When the call reaches the AI through an IVR flow, the orchestrator stashes context in cache before redirecting Twilio:

ivr-context:{orgId}:{assistantId}:{caller}

The gateway reads it on start and appends to the system prompt:

  • The configured greeting ("Start the conversation by saying: ...")
  • Business-hours state (open / closed / current period)
  • The full routing JSON — menus, forwarding groups, hours
  • A short cheat sheet for transfer_call arg shape per menu action

This is how the assistant knows about departments, on-call groups, and what to do after-hours without each assistant being separately configured.

Recording and journey capture

The gateway buffers caller and AI audio chunks in memory for the duration of the call and captures both transcripts:

const callerAudioChunks: Buffer[] = [];
const aiAudioChunks: Buffer[] = [];
const aiTranscript: { role: 'ai' | 'caller'; text: string; timestamp: string }[];
const toolsUsed: { tool, params, result, timestamp }[];

On disconnect the gateway encodes the buffers, persists the recording, and writes the journey (transcript + tools) into the call record.
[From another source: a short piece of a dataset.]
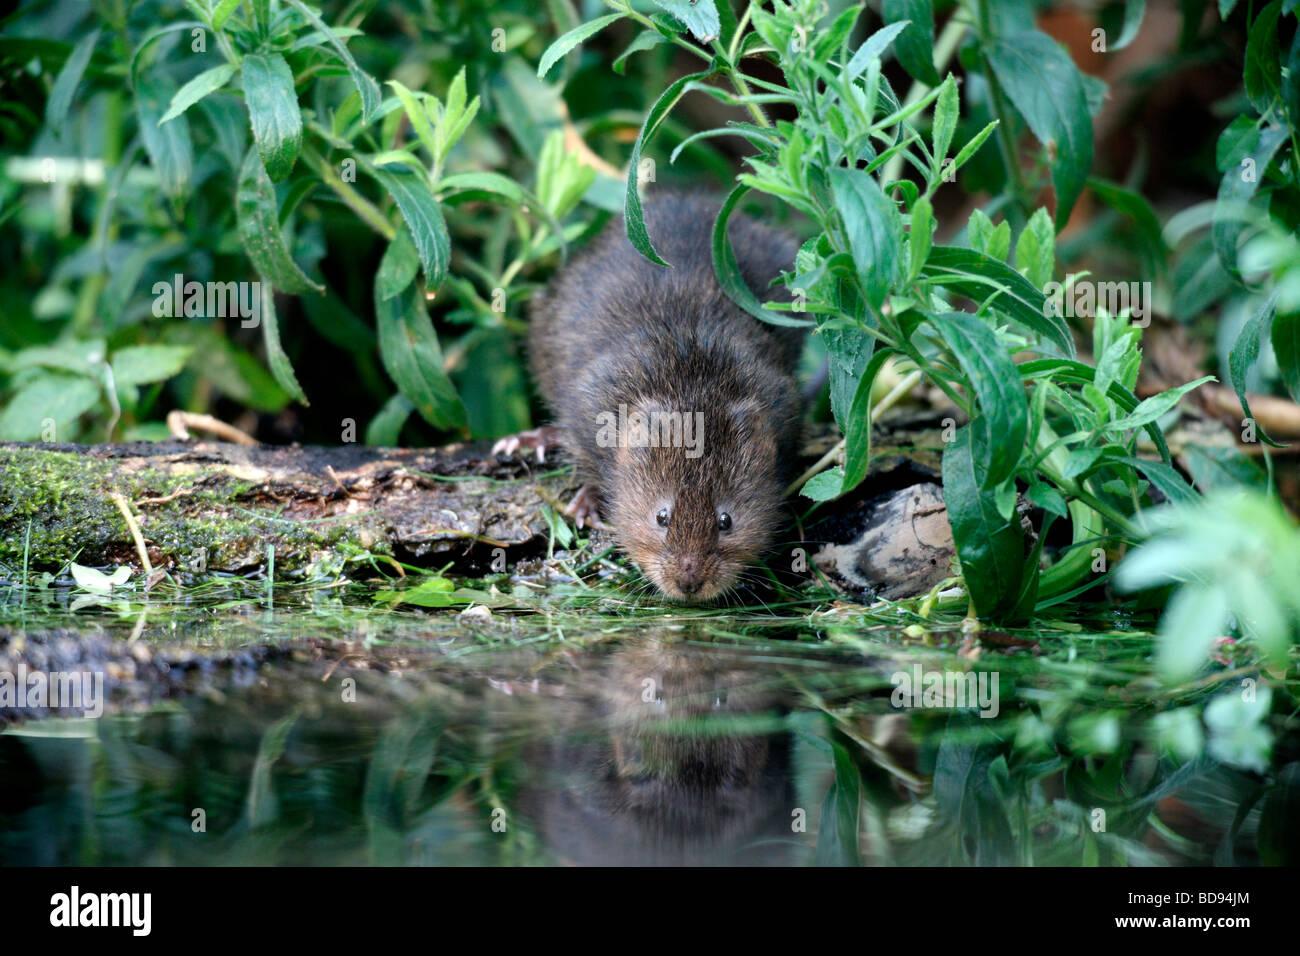 Water vole Arvicola terrestris Kent August 2009 - Stock Image

See Recording and transcription for storage details.

Sample raw frames

Each Twilio frame:

{ "event": "media", "streamSid": "MZ...", "media": { "payload": "<base64 μ-law>" } }

Each OpenAI frame the gateway sends back:

{ "type": "input_audio_buffer.append", "audio": "<base64 μ-law>" }

Each frame back to Twilio:

{ "event": "media", "streamSid": "MZ...", "media": { "payload": "<base64 μ-law>" } }

Operational notes

  • One WebSocket per call. There is no shared OpenAI session — each call creates its own.
  • The OpenAI key never leaves the server. Twilio talks to AppEngine, AppEngine talks to OpenAI.
  • If OpenAI disconnects, the Twilio leg is closed too — there's no fallback model.
  • UpstreamService.getAIIntegrationConfig(orgId, 'OpenAIProvider') is the only place the key is read; provision orgs through Upstream / vendor connect.